REPUBLIKA.CO.ID, JAKARTA -- Kenaikan gaji hakim agung harus dibarengi dengan peningkatan kinerja dan kualitas putusan di tubuh Mahkamah Agung (MA). Pemerintah harus memiliki tolok ukur agar pemberian apresiasi yang besar itu bukan hanya menjadi beban APBN.
Pemerintah bersedia menaikkan gaji hakim agung dua kali lipat dari penghasilan sebelumnya. Peningkatan itu berdasarkan Peraturan Pemerintah (PP) Nomor 55/2014 tentang Hak Keuangan dan Fasilitas Hakim Agung dan Hakim Konstitusi.
Senin (7/7), Presiden Susilo Bambang Yudhoyono (SBY) menandatangani PP tersebut. Gaji ketua MA yang awalnya hanya Rp 40 juta per bulan sekarang menjadi Rp 121 juta. Sedangkan anggota hakim agung dari Rp 29,6 juta menjadi Rp 72 juta per bulan.

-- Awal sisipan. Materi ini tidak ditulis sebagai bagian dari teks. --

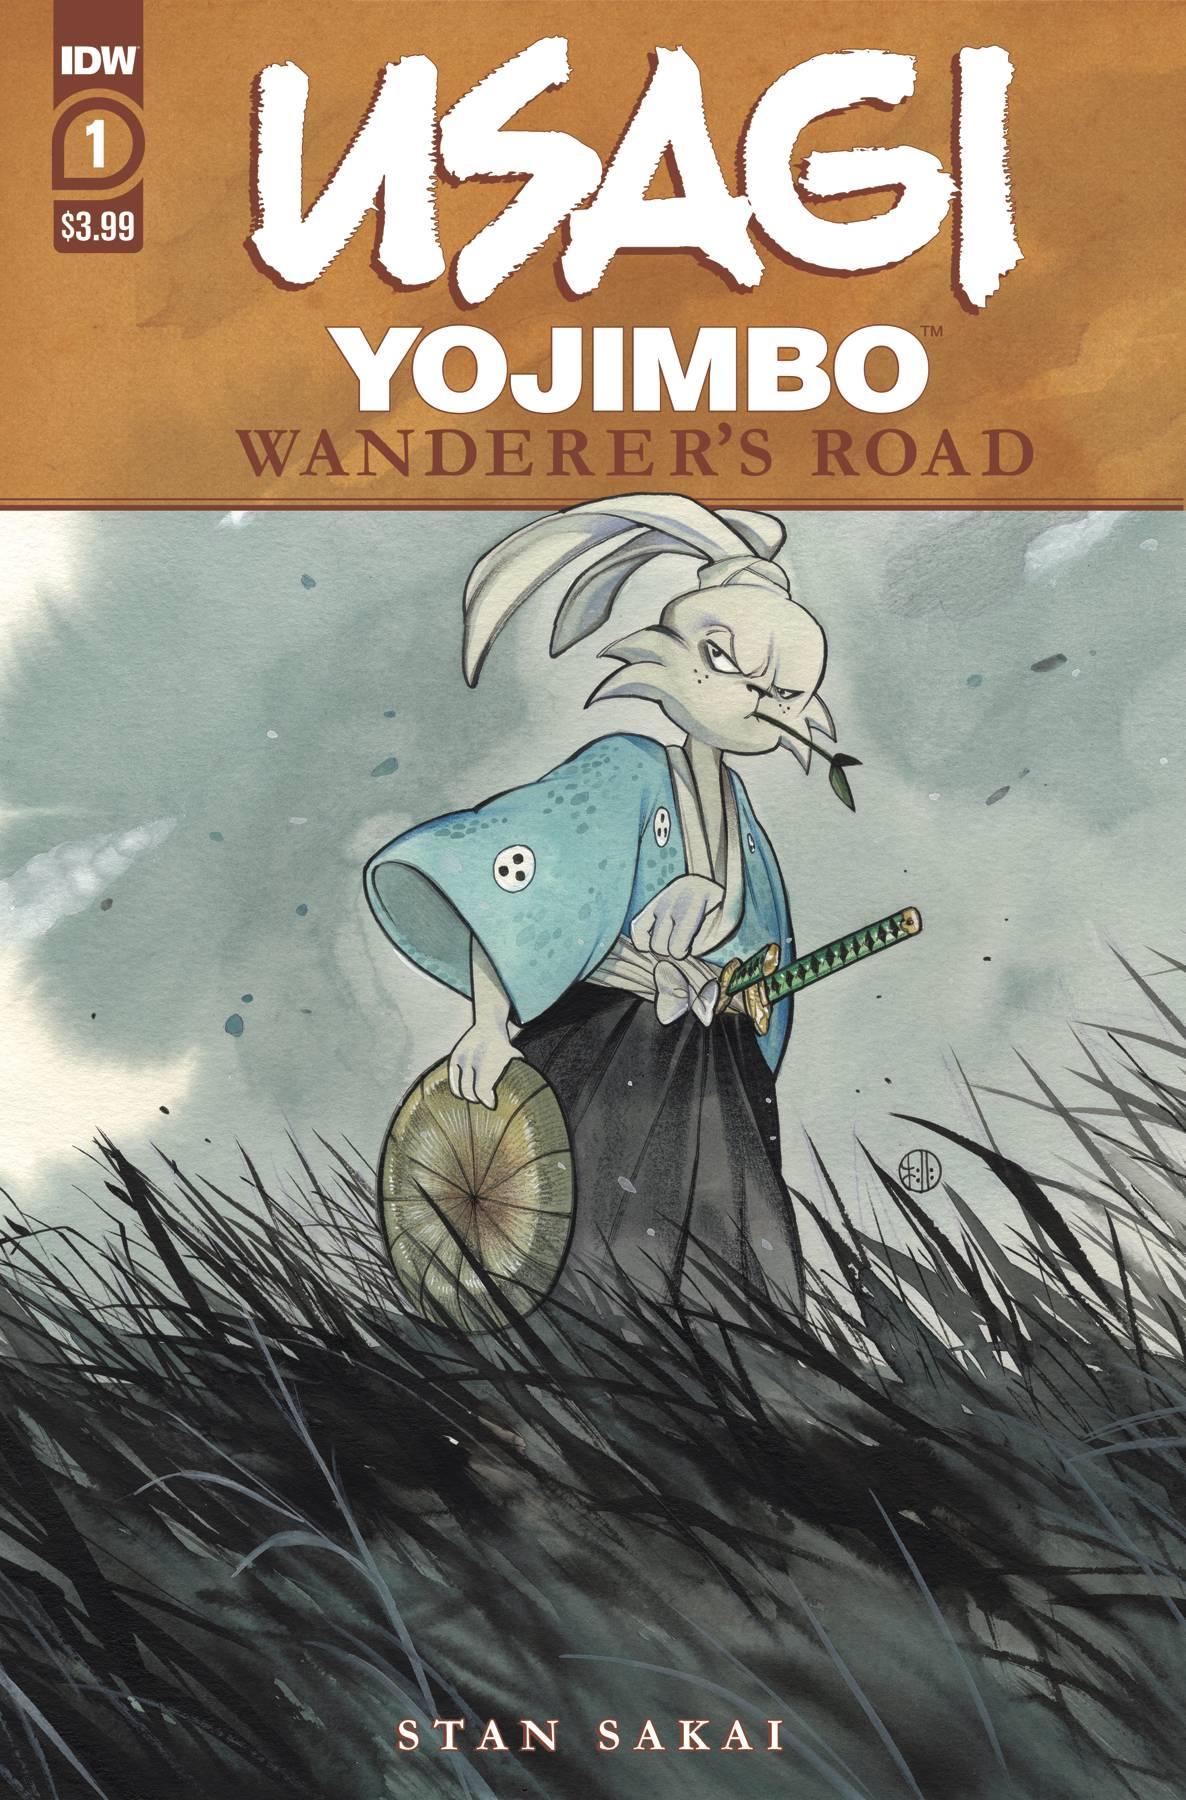 Usagi Yojimbo: Wanderers Road #1 (2020)

"Jangan sampai, ada kenaikan gaji, namun kinerja MA tak mengalami perubahan," kata pengamat hukum Universitas Parahyangan, Bandung, Ahad (13/7).
Dia menambahkan, pemerintah harus memperhatikan tiga faktor atas kenaikan gaji tersebut. Pertama, jangan sampai pemberian gaji besar itu membenani anggaran. Kedua tidak menciptakan kesenjangan dengan penyelenggara negara lain. Ketiga, peningkatan kualitas MA.
Menurut Asep, perlu ada tolok ukur, apakah kenaikan gaji sejalan dengan kinerja dan kualitas lembaga peradilan tertinggi itu. Tunjangan yang mereka terima bisa dikurangi kalau tak terlihat perubahan signifikan terhadap citra peradilannya.
"Saya setuju, cara memberantas mafia peradilan dan wujudkan hukum berkualitas adalah dengan meningkatkan kesejahteraan para hakimnya. Secara teori, itu adalah pendekatan yang cocok," ujar dia.
Dikatakan, tak sembarangan orang dapat menjadi hakim agung. Jika sekarang mereka memperoleh pengasilan yang besar, maka harus ada sanksi yang tepat. Tuntutan semumur hidup bagi mantan Ketua MK, Akil Mochtar dapat menjadi terapan di MA.
Ketua KY, Suparman Marzuki menambahkan, kenaikan gaji tersebut juga akan diikuti pemberian sanksi yang lebih ketat bagi hakim agung yang terbukti melanggar kode etik dan perilaku hakim. KY tak akan lagi mentoleransi penyimpangan yang diduga dilakukan para hakim agung ke depannya.
"Para hakim agung harus menyesuaikan diri dan menigkatkan kinerja kualitas putusannya," kata Marzuki.
Ia memberikan apresiasi kepada pemerintah atas kebijakannya menaikan gaji hakim agung. Apalagi, sudah seharusnya seorang hakim MA memperoleh penghasilan dengan besaran nominal itu. Sebab akan ada dampak moral ke para penerimanya.
Marzuki berharap, mereka tidak lagi mengeluh soal rendahnya gaji yang diterima jika dibandingkan dengan gaji hakim peradilan di bawahnya.
Ketua Ikatan Hakim Indonesia (Ikahi) Cabang MA, Gayus Lumbuun menambahkan, kenaikan gaji tersebut sudah pas dengan kebutuhan para hakim agung. Hal ini dinilainya dapat menjadi solusi atas kebutuhan para hakim agung memperoleh apresiasi negara.
"Karena tugas hakim agung berat, perkara yang menumpuk, waktu yang tercurahkan, sampai tidak pulang, tangung jawabnya besar. Dengan gaji sekarang, tidak ada lagi alasan mengeluh," ujar dia.